1. What is a controller

Controller is the core component of Apache Kafka. Its main role is to manage and coordinate the entire Kafka cluster with the help of Apache ZooKeeper. Any Broker in the cluster can act as a controller, but only one Broker can act as a controller during operation, performing its administrative and coordinating functions. In other words, every functioning Kafka cluster has one and only one controller at any one time that manages and coordinates the entire Kafka cluster.

2. Functions of Zookeeper in Kafka

ZooKeeper is an integral part of Kafka, so it’s important to understand how ZooKeeper works in Kafka.

ZooKeeper is a highly reliable distributed coordination service framework. It uses a data model similar to the tree structure of a file system, and the root directory also starts with a “/”. Each node on this structure is called a ZNode and is used to hold some metadata coordination information. In terms of znode persistence, Znodes can be divided into persistent Znodes and temporary Znodes. Persistent ZNodes do not disappear when the ZooKeeper cluster restarts, while temporary ZNodes are bound to the ZooKeeper session that created the ZNode. Once the session ends, the node is automatically deleted.

In Kafka, Zookeeper has the following functions:

  1. Zookeeper records the live status of all brokers. Brokers send heartbeat requests to ZooKeeper to report their status. Zookeeper maintains a list of running brokers that belong to a cluster.
  2. A Kafka cluster has multiple brokers, one of which is elected as the controller. Zookeeper is responsible for selecting the controller from the brokers.
  3. Zookeeper records ISR information and updates it in real time.
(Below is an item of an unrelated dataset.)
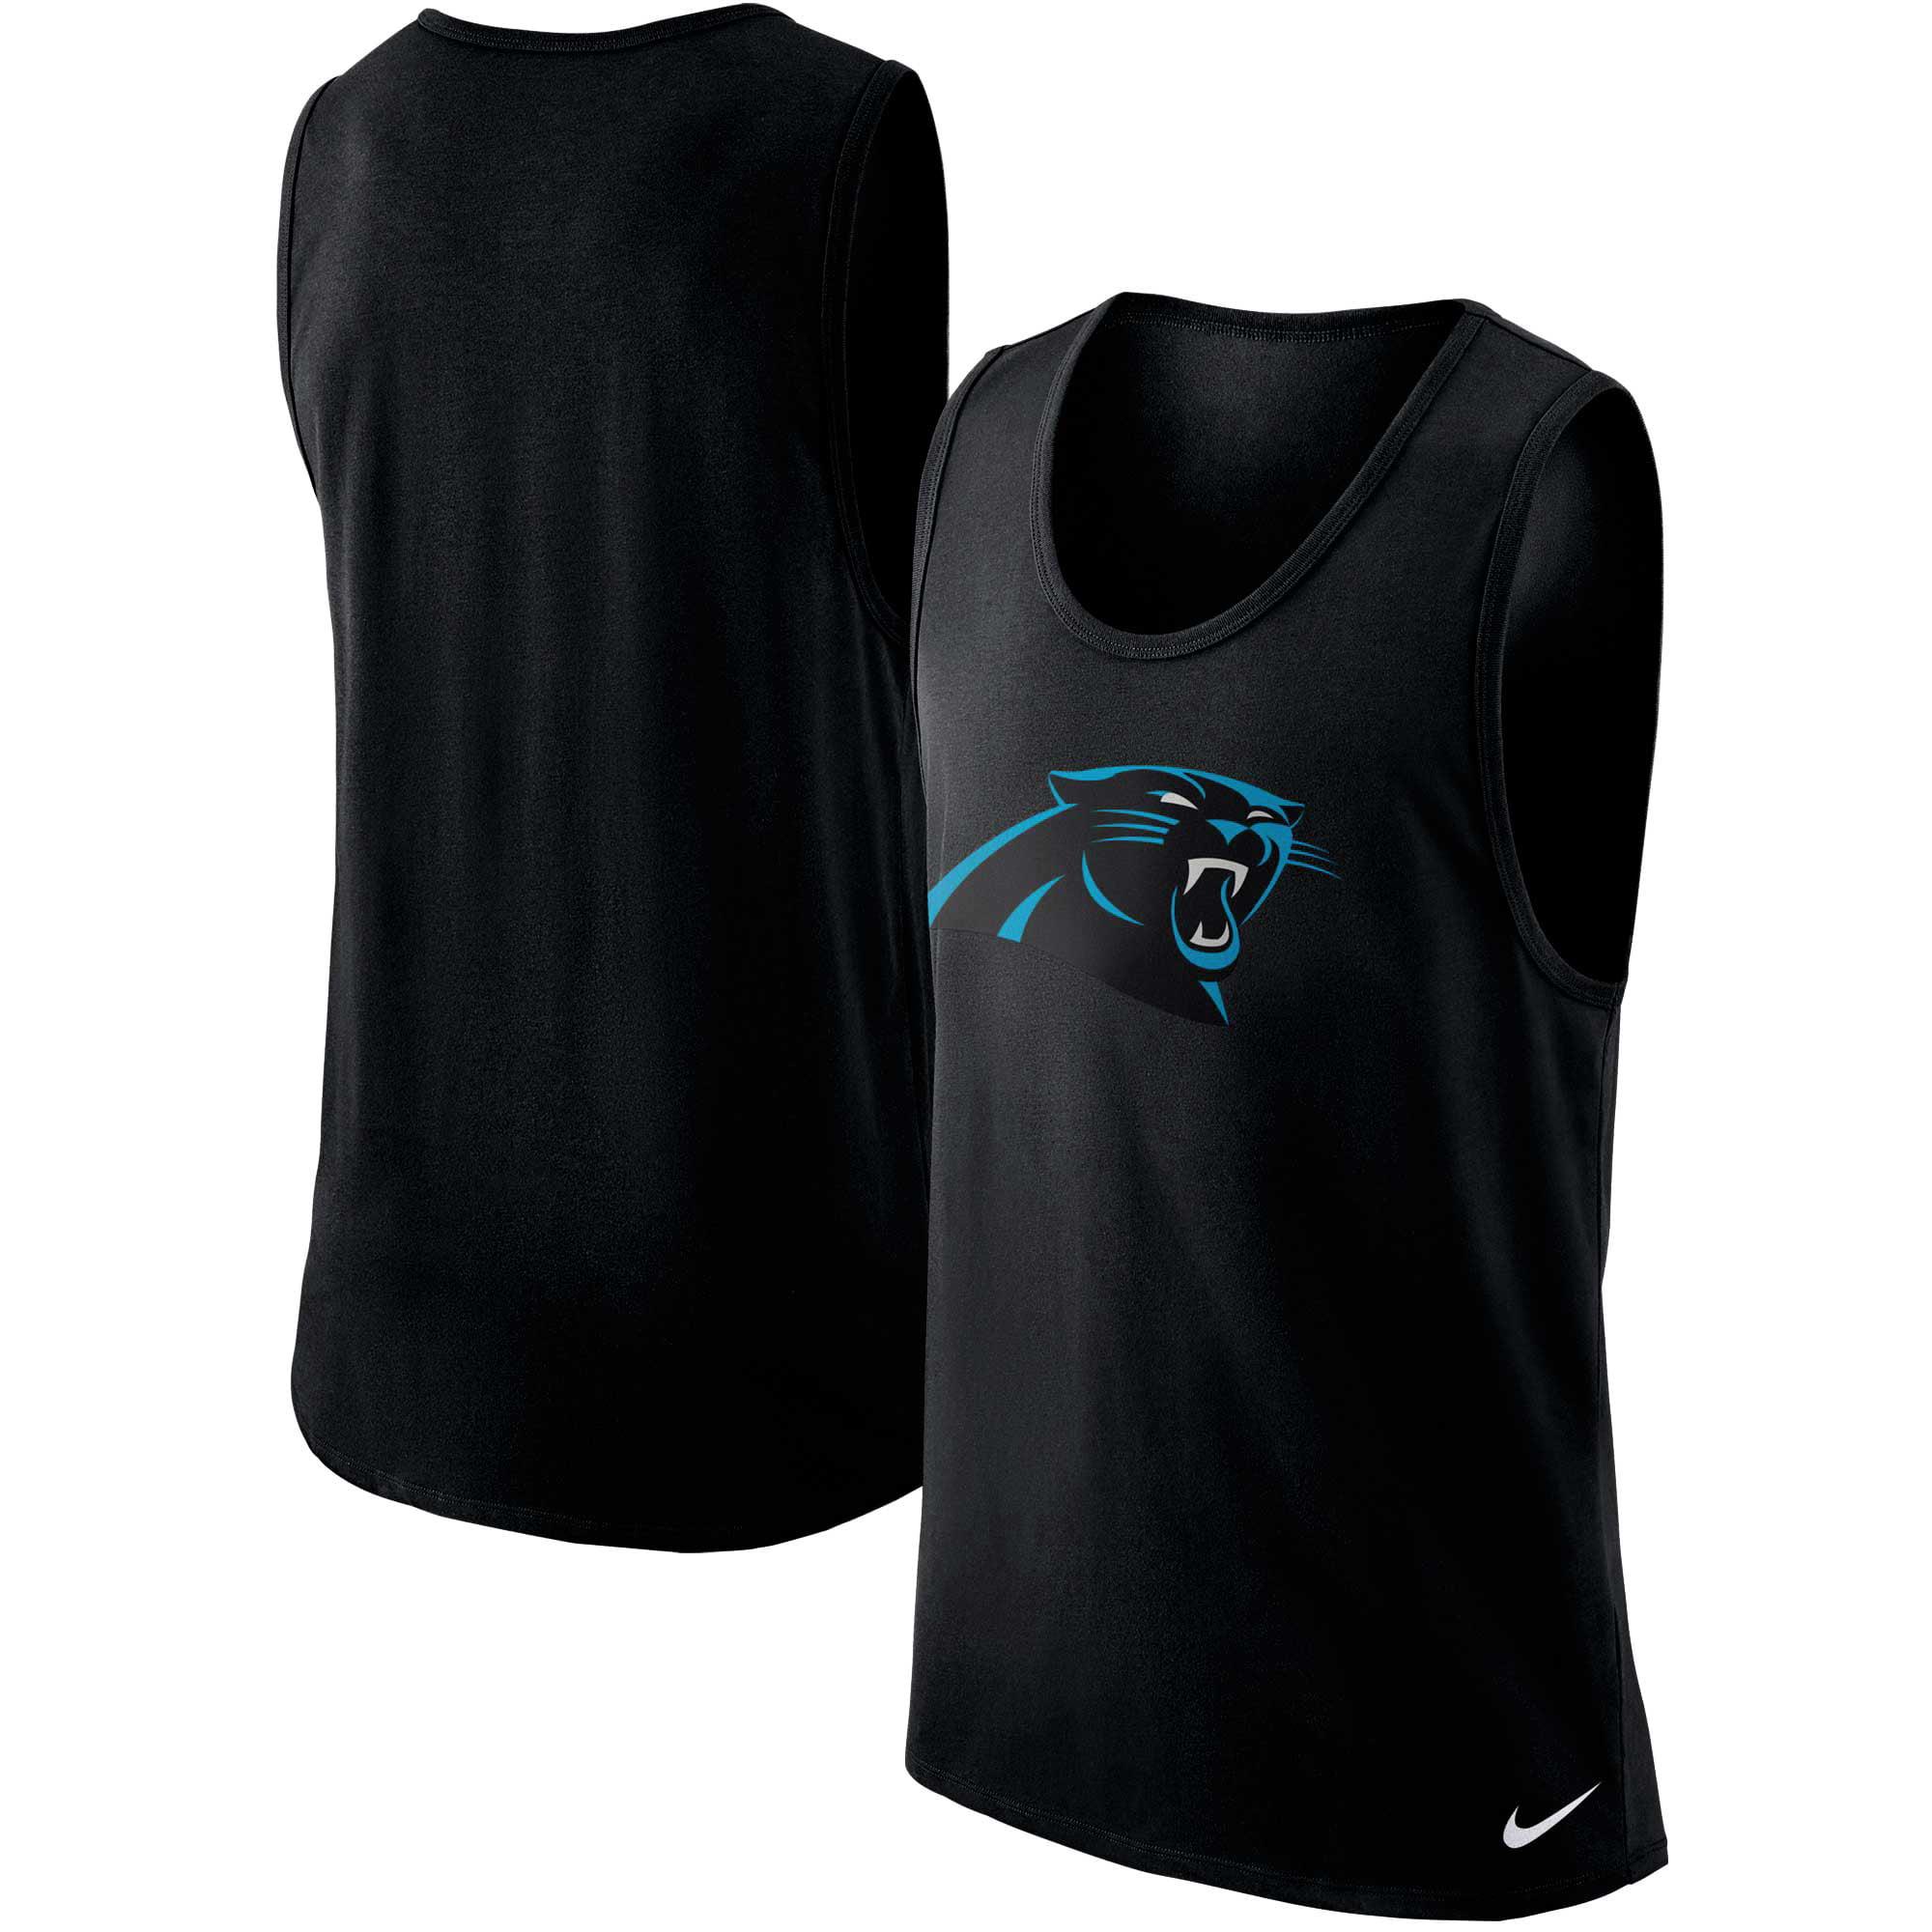 Carolina Panthers Nike Cotton Core Performance Tank Top - Black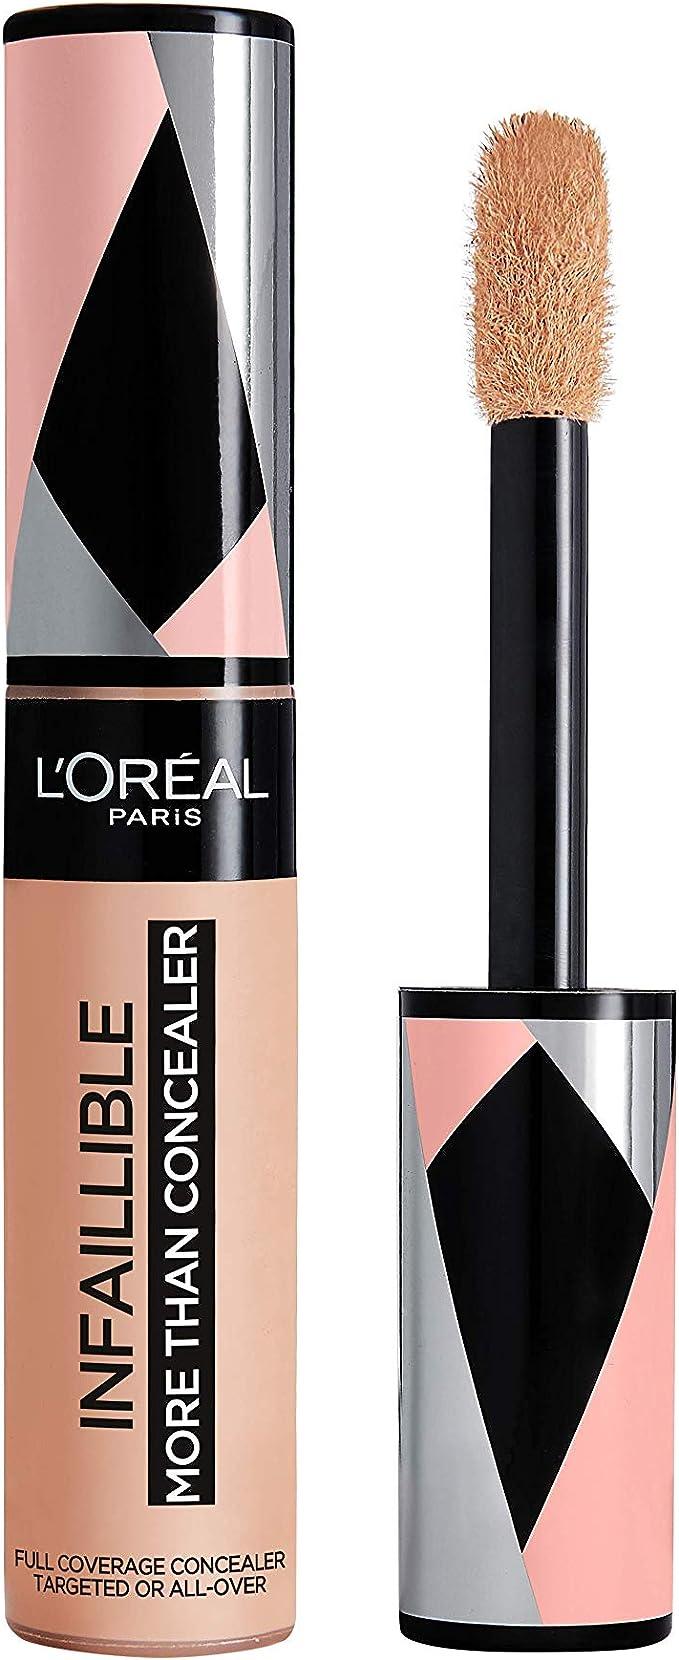 LOreal Paris Infalible More Than Concealer, Corrector Cobertura Completa, Tono 327 Cashmere - 11 ml

If a member is found abnormal, it is removed immediately.
  4. Zookeeper keeps the registration information of all nodes and topics. Nodes and topics exist in the form of temporary nodes in ZooKeeper. As soon as the session with ZooKeeper is closed, their information is lost.
  5. Zookeeper keeps topic-specific configurations, such as the list of topics, the number of partitions per topic, the location of replicas, and so on.
  6. Notify Kafka when a cluster changes, including creating a Topic, bringing Broker online/offline, and deleting a Topic

3. Functions of the controller

  1. Topic management: The controller helps with Topic creation, deletion, and partitioning. That is, most of the background work is done by the Kafka controller when the kafka-topics.

  2. Partition redistribution: / admin/registered PartitionReassignmentListener reassign_partitions node in Zookeeper, redistribution of action to deal with partitions. As/registered isr_change_notification node in the Zookeeper IsrChangeNotificetionListener, used to deal with the action of ISR collection changes. As/admin/in the Zookeeper preferred – up – add PreferredReplicaElectionListener election node, to deal with a copy of the priority action.

  3. Preferred Leader election: Kafka provides a way to change leaders to avoid overloading some brokers.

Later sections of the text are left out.